Your assignment
Once the line holding "WW2 life-saving visas from Turkey" is found in the entries below, transcribe exactly every line up to and including the one holding "- Elongated Coins", but leave out the pictures.

Records provided
- Opening Delimiter -
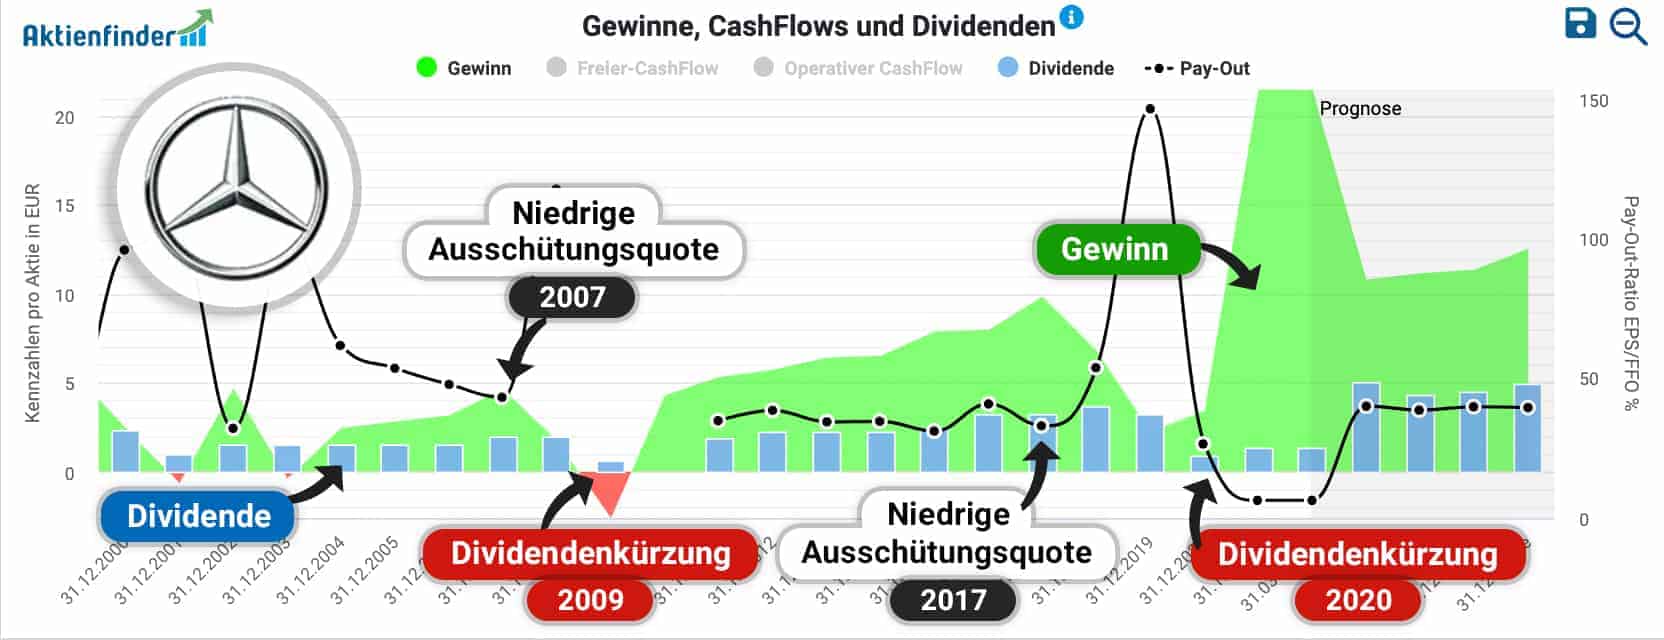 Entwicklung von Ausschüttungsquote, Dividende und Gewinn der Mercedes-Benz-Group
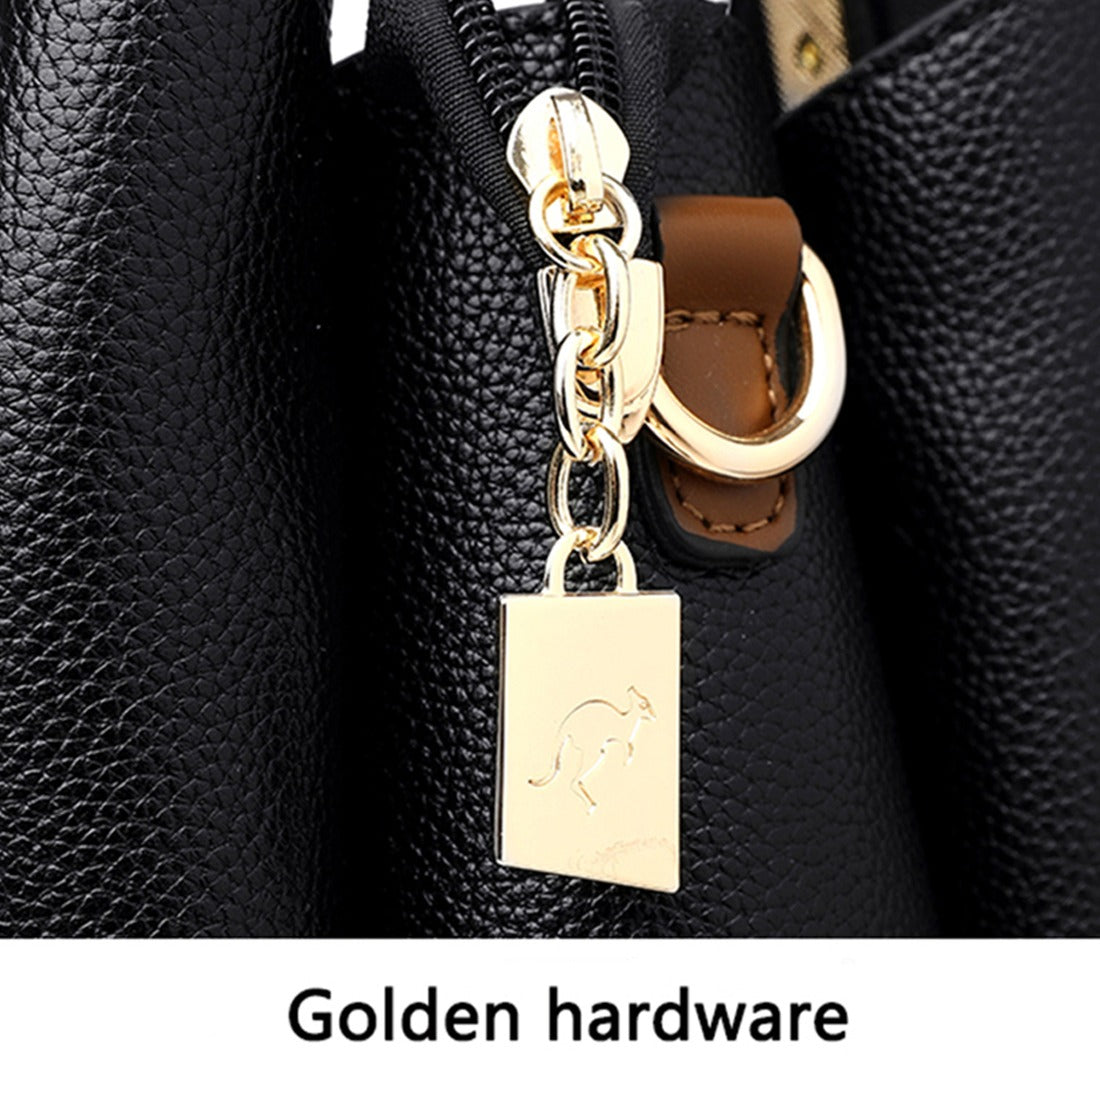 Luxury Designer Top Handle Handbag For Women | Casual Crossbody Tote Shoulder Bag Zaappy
- Closing Delimiter -
- Opening Delimiter -
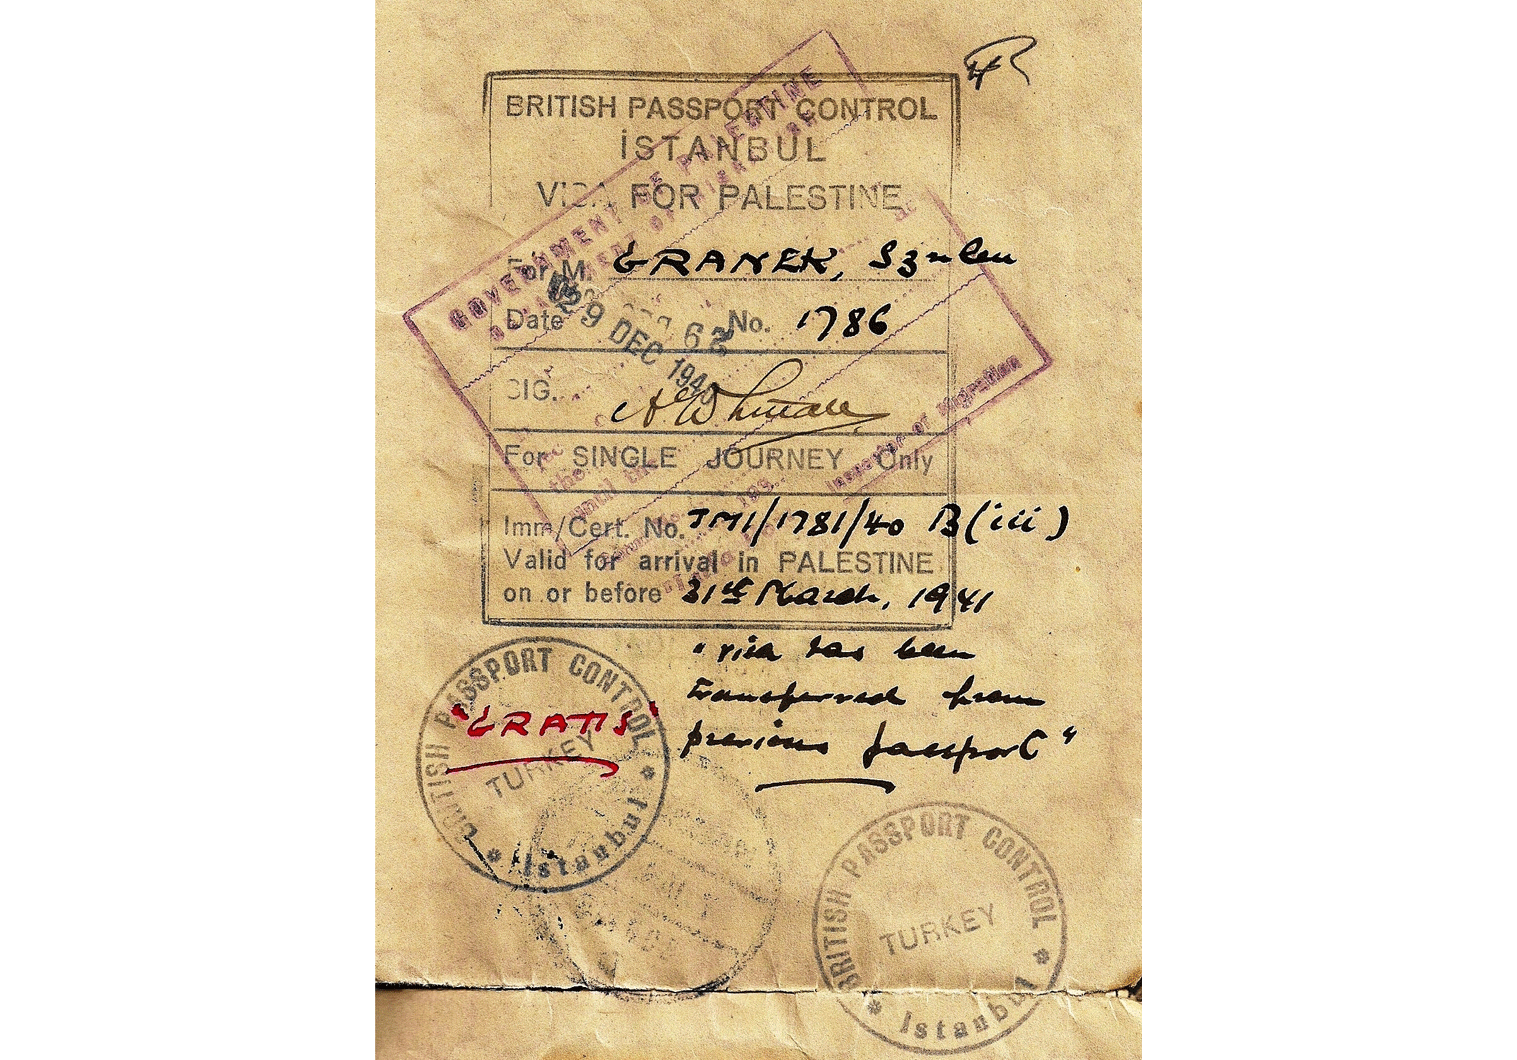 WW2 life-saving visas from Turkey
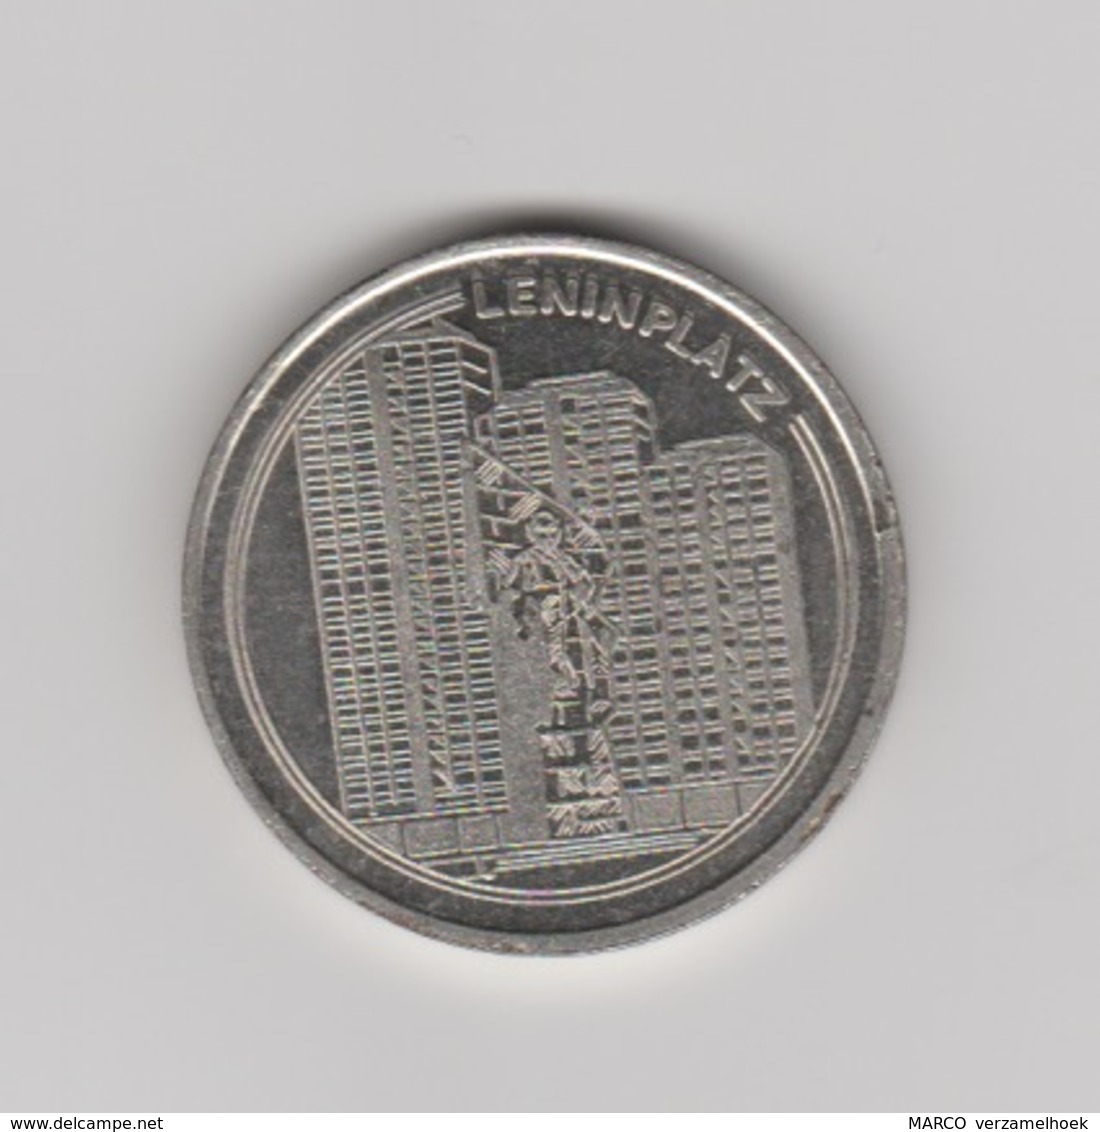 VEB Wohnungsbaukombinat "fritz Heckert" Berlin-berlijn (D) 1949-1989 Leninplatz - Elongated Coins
- Closing Delimiter -
Written solution
 WW2 life-saving visas from Turkey
 VEB Wohnungsbaukombinat "fritz Heckert" Berlin-berlijn (D) 1949-1989 Leninplatz - Elongated Coins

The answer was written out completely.